# Time Series Econometrics with Python
## Section 2: Stationary and Non-Stationary Series

### Carlos Góes (UnB and Instituto Mercado Popular)

# Stationarity

Data are stationary when their expected value and variance do not change over time. These exclude, then, data that have seasonal patterns (think of temperatures over the year) and data that have trends (think of GDP). The expected temperature in Los Angeles in July is different than the expected temperature for the same city in December (one should expect December to be colder). Likewise, the expected GDP of the United Kingom 2013 will be different from the expected GDP of the UK in 2113 (one should expect it to be higher in 2113 due to technological advancement and productivity gains).

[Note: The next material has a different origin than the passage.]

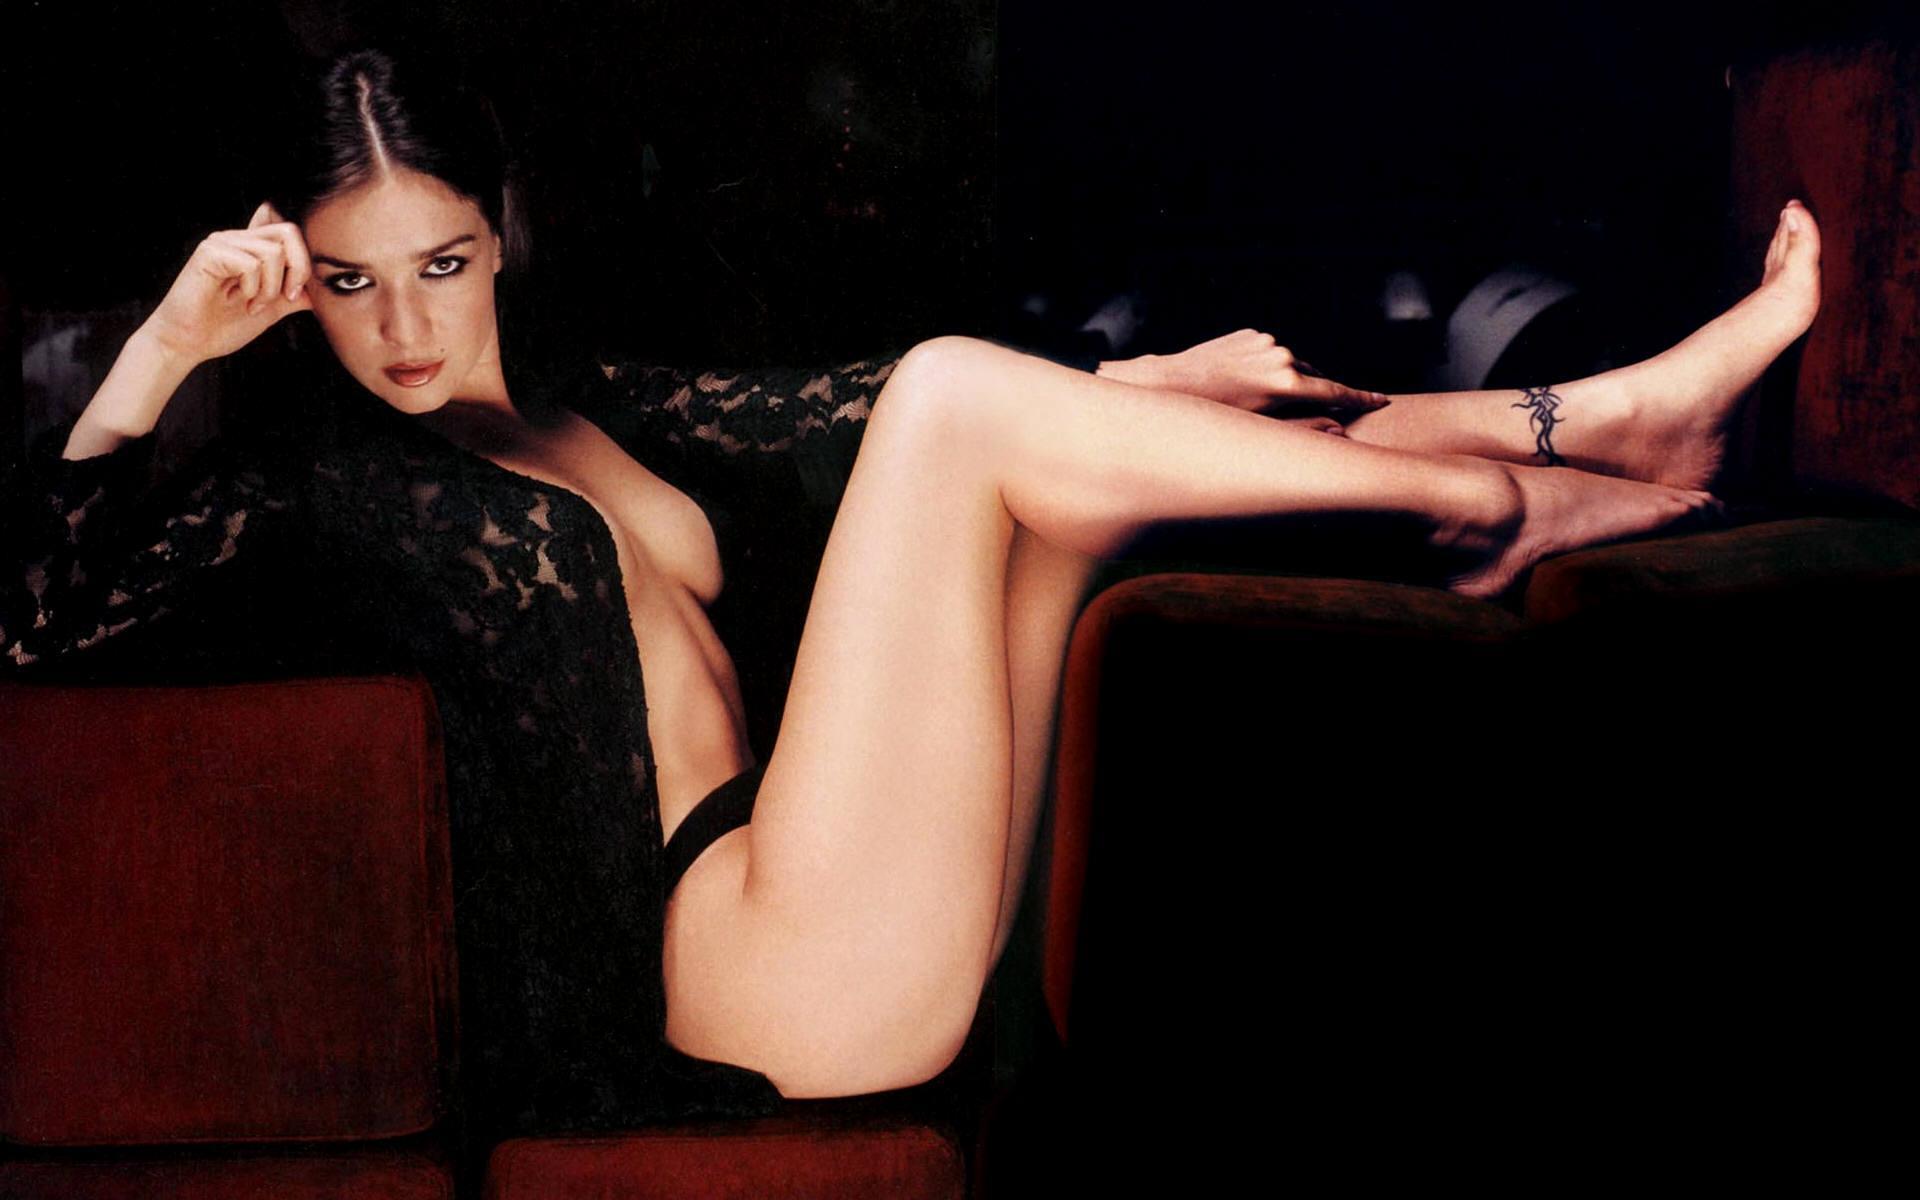 Эротическое фото наталии орейро 5 фотография

We usually try to work with stationary data before designing a econometric model. If these are not available, we make adjustments and transformations in the data to make inference more reliable and make non-stationary data close to stationarity. We will deal with seasonality and trends later. For now, we will learn about some kinds of stationary and non-stationary data and why do we try to work with stationary data.

## Okay, so what does stationary data look like?

We will compare two different kinds of randomly generated processes so you can have an idea: white noises and random walks.

An example of stationary data is white noise, formally defined as a stochastic (i.e., random) process with zero autocorrelation. $y$ is a white noise process if: 

\begin{eqnarray}
    y_t &=& e_{t}, \qquad where \\
    E[\epsilon_t] &=& 0, \qquad
    E[\epsilon_t^2] = \sigma^2, \qquad
    E[\epsilon_te_s] = 0_{\quad t \not= s}, \qquad  
    E[y_t] = 0 \nonumber
\end{eqnarray}

In a white noise process, besides being randomly generated, the value of $y$ at period $t$ is unrelated to the value of $y$ in period $t-1$ \footnote{This is exactly what the expression $E[\epsilon_te_s] = 0_{\quad t \not= s}$ means: the expected value of $e$ at period $t$ $(E[\epsilon_t])$ and the expected value of $e$ at period $s$ $(E[e_s])$ will be zero, regardless of their independent actual values}. All values will orbit a certain mean, which is the fixed expected value around which the distribution of random terms is centered (in this case, zero).

In [16]:
# Import all packages

import numpy as np
import scipy as sp
import pandas as pd
import matplotlib.pyplot as plt
import statsmodels.formula.api as smf
import statsmodels.api as sm
import seaborn as sns
import csv

# Set the file where your data is located

file = "C:\\Users\\Carlos\\Documents\\GitHub\\cgoes\\tutorial\\python\\Time Series\2. Stationary and Non-Stationary Series\\totalrealearnings.csv"

data = pd.read_csv(file)

print(data)


#data = pd.read_table(file, header=0, index_col='Date')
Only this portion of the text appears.